Avanzaron una cuadra, se detuvieron un instante frente a una rotisería, para admirar los postres y licores que se exhibían en el escaparate, hipotetizando acerca de cual de todas elegirían para festejar en cuanto pudieran sacarse todo ese lio de encima. A simple vista, parecían una pareja adolescente que se ha estancado en el tiempo: caminan, miran alguna tienda, se detienen para darse un beso, admiran otro maniquí con ropa, hasta que entonces, Maxwell lo vio.

Fue justamente al doblar la esquina. Para su suerte, no estaba fumando nada ni tampoco estaba en un estado lamentable de consumismo. Estaba desprolijo, sí, quizá hacía un par de días que no se daba una ducha o se cambiaba de ropa, pero seguía siendo él. La gente pasaba a su lado y lo ignoraba por completo, nadie le miraba, y Randall, sentado en la acera con la espalda apoyada en la pared de una tienda deportiva, tampoco los miraba a ellos. Solo jugueteaba con una tirita de su campera negra, de forma distraída. Los pantalones de jean tenían un agujero en cada rodilla, y sus zapatillas Converse ya estaban tremendamente desgastadas, a tal punto de que su color estaba desvaído y casi imperceptible. Sin embargo, en cuanto Maxwell y Abby doblaron por la esquina hacia él, Randall levantó la cabeza y los miró.
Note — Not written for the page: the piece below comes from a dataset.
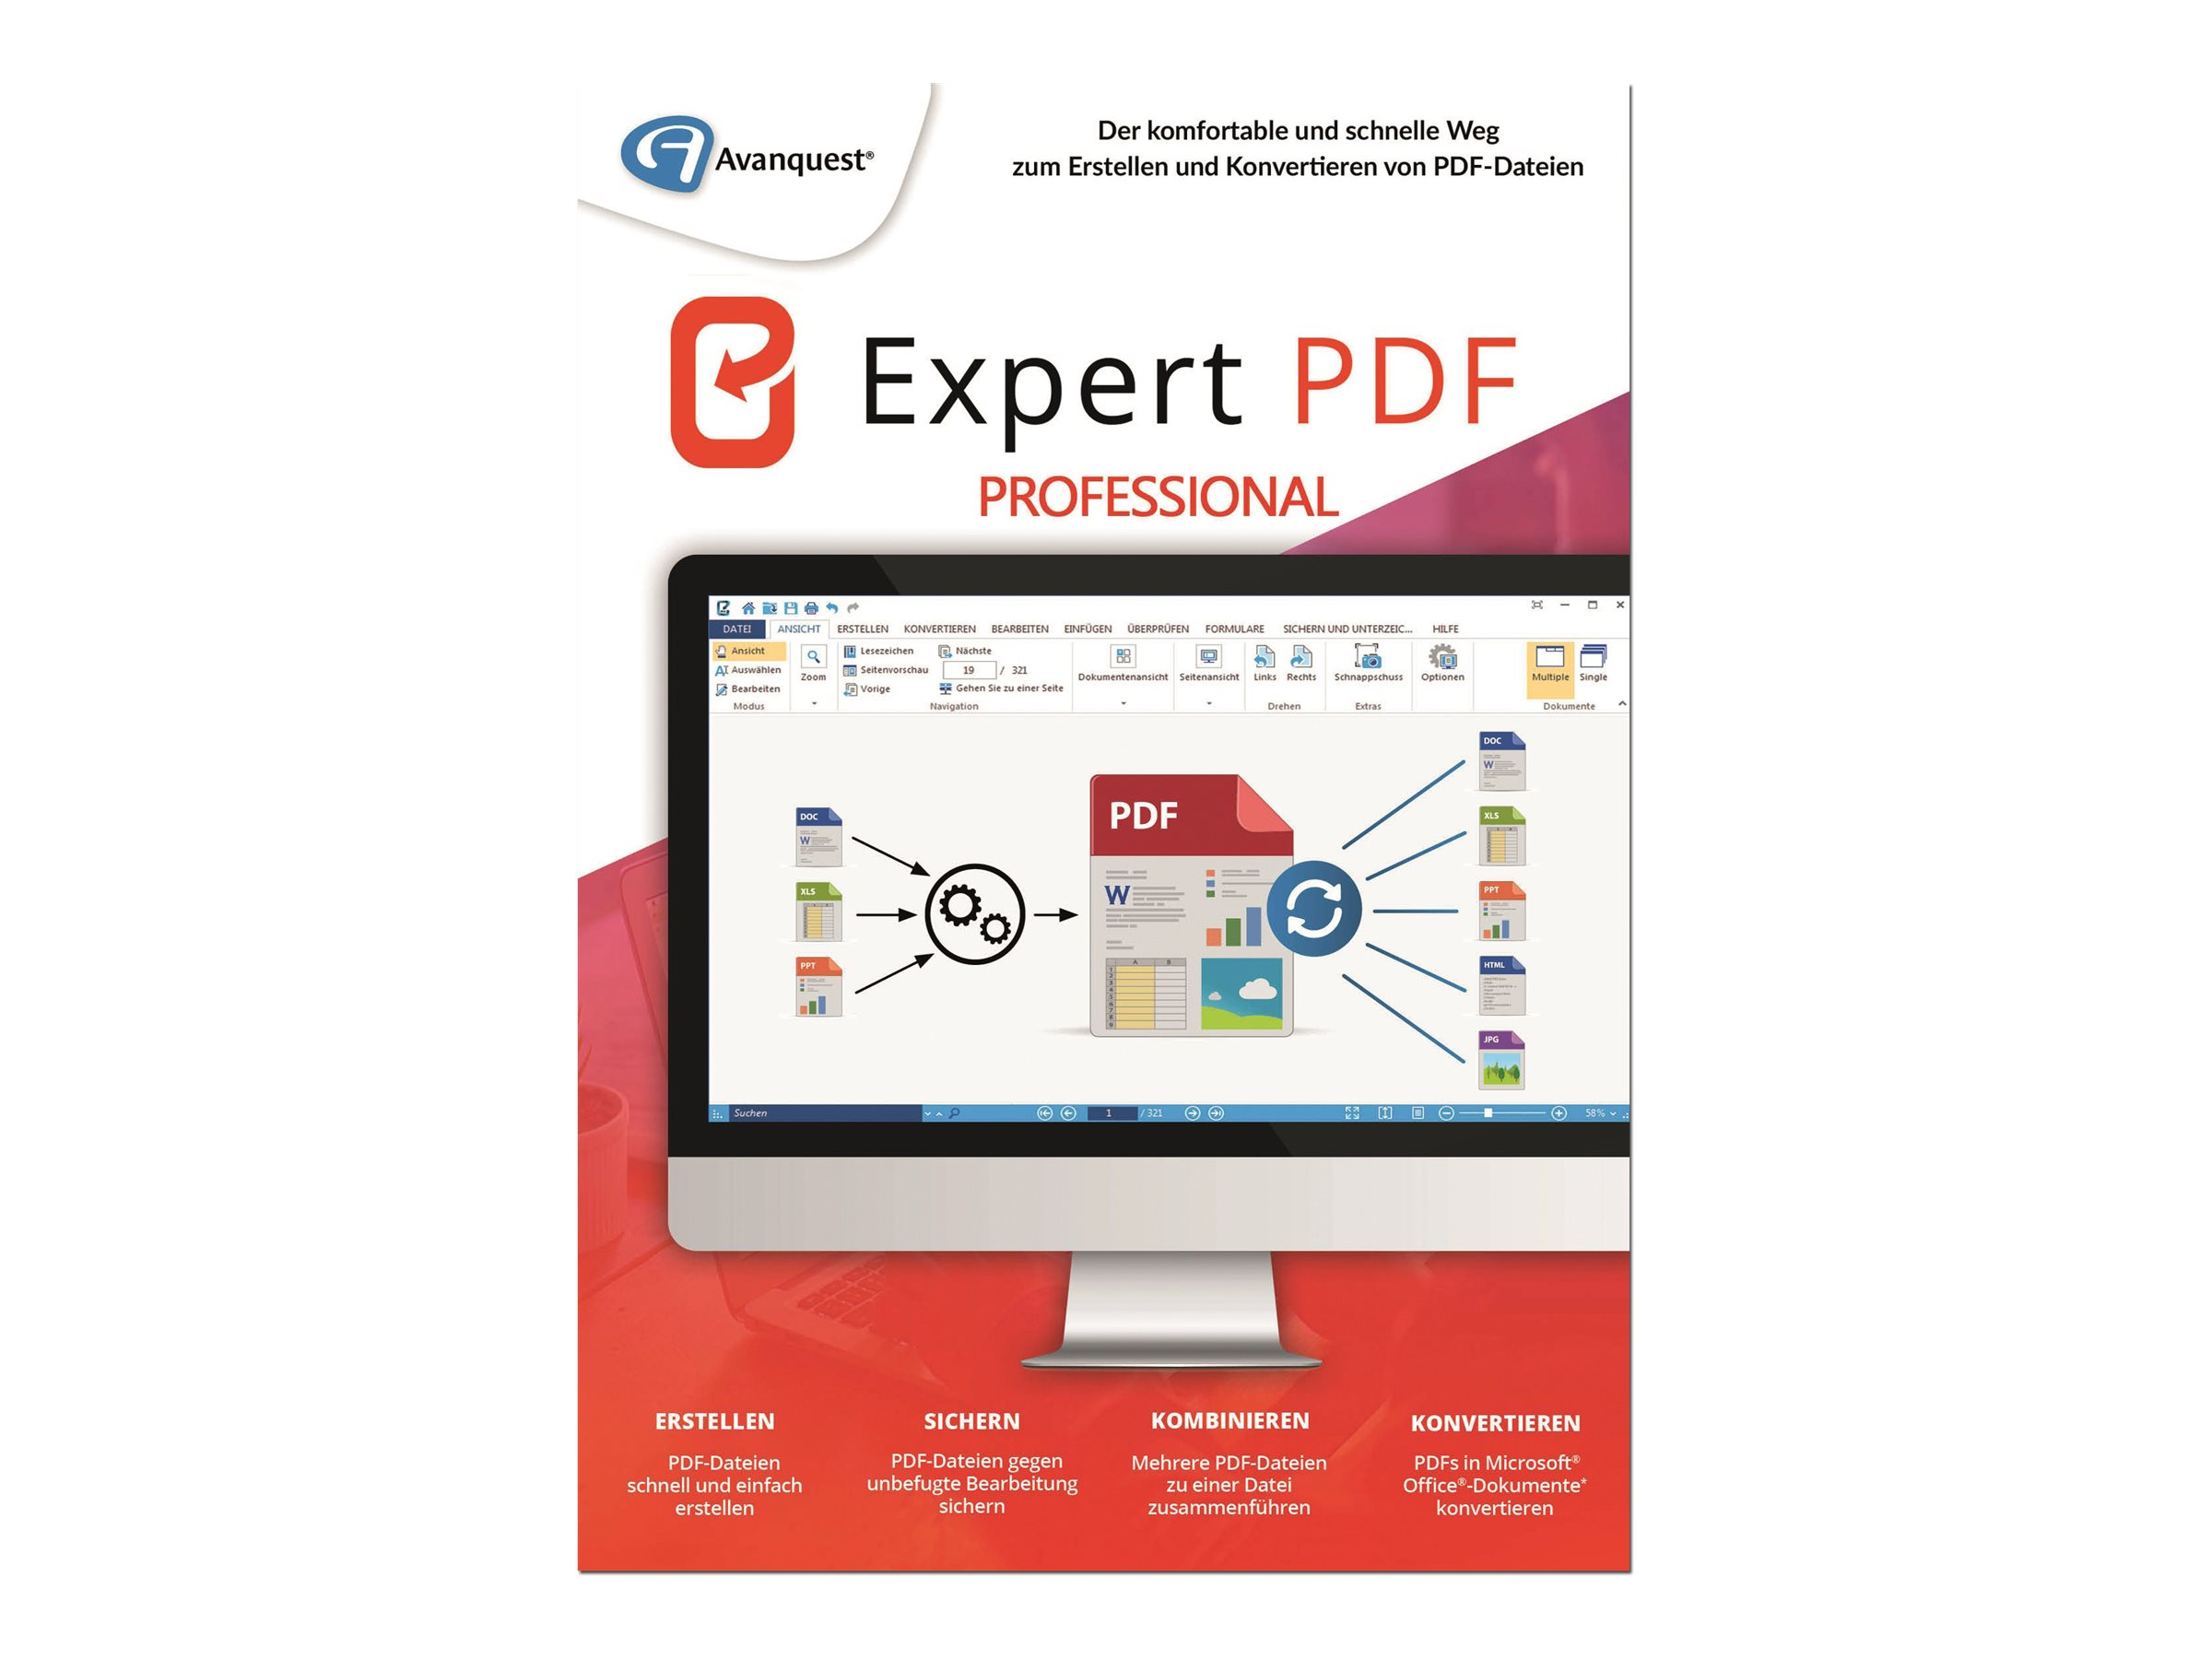 Avanquest Software eXPert PDF Professional - (v. 14) - Lizenz - 1 Benutzer

—¿Papá? —habló, con asombro. Maxwell también lo observó, y se paralizó por completo.

—Randy... —murmuró.

Sin mediar respuesta, Randall se puso de pie, y avanzó hacia él. Al llegar, le extendió los brazos, y Maxwell asintió. Entonces ambos se envolvieron en un apretado abrazo, a pesar de que los transeúntes los miraban al pasar, y a pesar también de que un leve olor acre a sudor rancio le inundó las fosas nasales.

Randall se separó de él un instante, y le miró con una creciente sonrisa. Se había puesto tan nervioso que su párpado izquierdo palpitaba, haciéndole que entrecerrara el ojo. Aún así, estaba feliz por verle. Su sonrisa ancha y el fulgor de sus ojos azules daban buena cuenta de ello.

—Yo no... —balbuceó. —no esperaba verte por aquí, papá... Si lo hubiera sabido quizá podríamos habernos comunicado, y podría haber venido a esperarte un poco más prolijo.

—Descuida, así estás bien —Maxwell entonces señaló a Abby, a su lado—. Ella es mi pareja, Abby.

—Ah, hola —saludó titubeando, sin saber si podía acercarse para saludarla o no. Ella fue quien dio el primer paso, y se acercó para darle un beso en la mejilla.

—Hola, Randall. Encantada de conocerte.

—Claro, el gusto es mío, por supuesto. Me alegra verte bien, papá —respondió, mirando a Maxwell. Este asintió y le apoyó una mano en su brazo, como una forma amigable de contacto, claro, pero también para sopesar el estado en el que se encontraba su hijo. Estaba flaco, y una parte de sí mismo temió lo peor.

—¿Y tú cómo estás? Me imagino que estarás limpio.

—Sí, claro. Hace tiempo ya que no me meto nada, ¿sabes? Nada de nada. Al menos no como antes, quizá los fines de semana me fume algún porro, pero nada más. He dejado la cocaína y también la meta. Lo más difícil ha sido la meta, pero no fue imposible.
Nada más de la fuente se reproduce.